John Anthony Genzale (July 15, 1952 – April 23, 1991), known professionally as Johnny Thunders, was an American guitarist, singer and songwriter. He came to prominence in the early 1970s as a member of the New York Dolls. He later played with the Heartbreakers and as a solo artist.

Early life and career

Thunders was born John Anthony Genzale in Queens, New York, the second child of Josephine Genzale (née Nicoletti, 1923–1999), who was of Italian descent, and Emil Genzale (1923–1982), who was of Italian, Russian-Jewish, and German-Jewish ancestry. Thunders had an older sister, Mariann (1946–2009). He first lived in East Elmhurst and then Jackson Heights.

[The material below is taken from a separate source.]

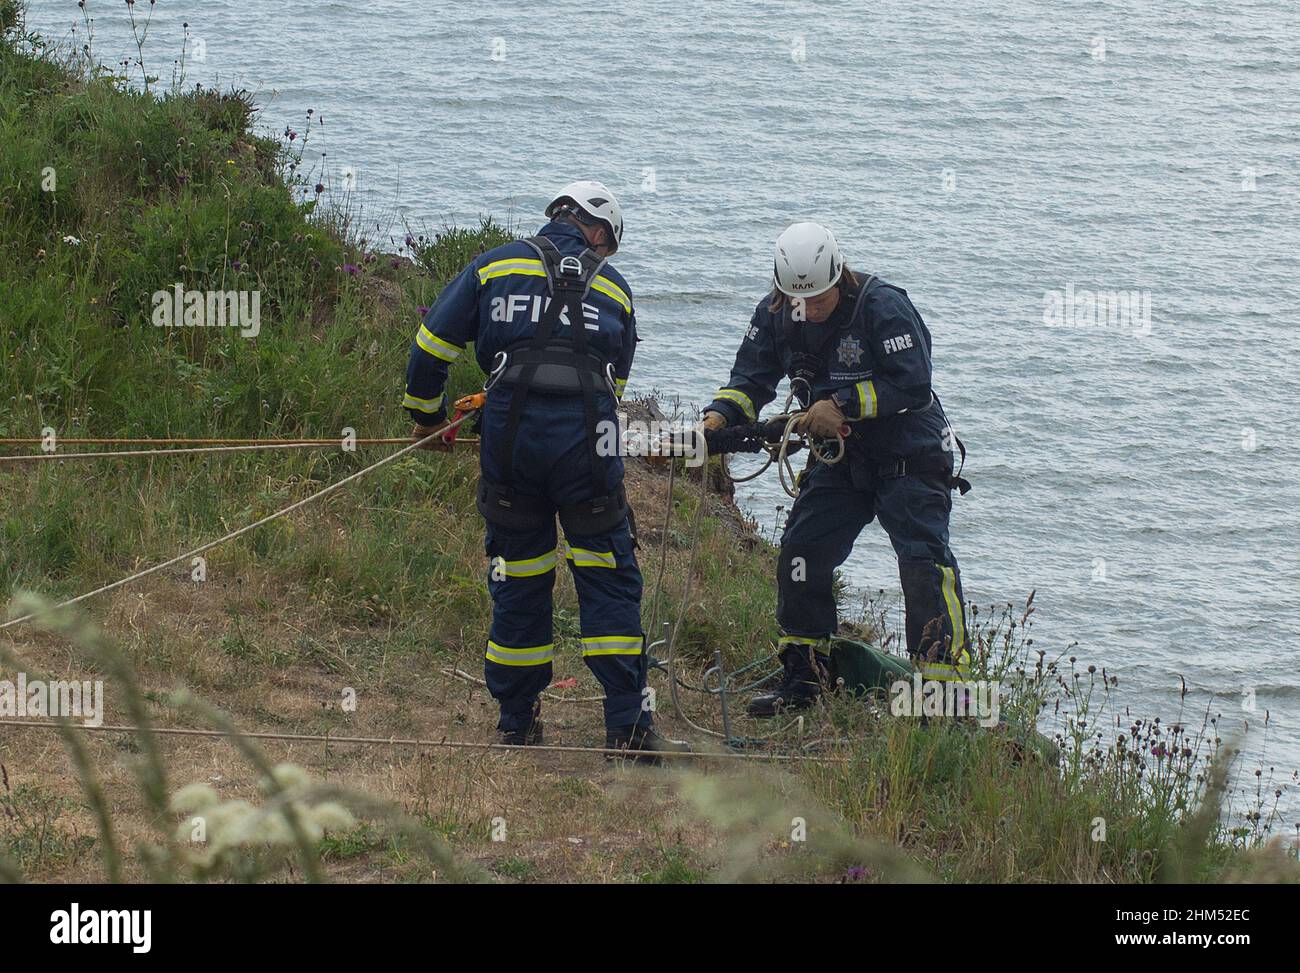 Firemen on a cliff rescue training exercise ready to descend a coastal cliff on the North East coast. Stock Photo

His first musical performance was in the winter of 1967 with The Reign. Shortly thereafter, he played with Johnny and the Jaywalkers, under the name Johnny Volume, at Quintano's School for Young Professionals, around the corner from Carnegie Hall, on 56th Street near 7th Avenue.

In 1968, he began going to the Fillmore East and Bethesda Fountain in Central Park on weekends. His older sister, Mariann, started styling his hair like Keith Richards. In late 1969, he got a job as a sales clerk at D'Naz leather shop, on Bleecker Street in the West Village, and started trying to put a band together. He and his girlfriend, Janis Cafasso, went to see The Rolling Stones at Madison Square Garden in November 1969, and they appear in the Maysles' film Gimme Shelter.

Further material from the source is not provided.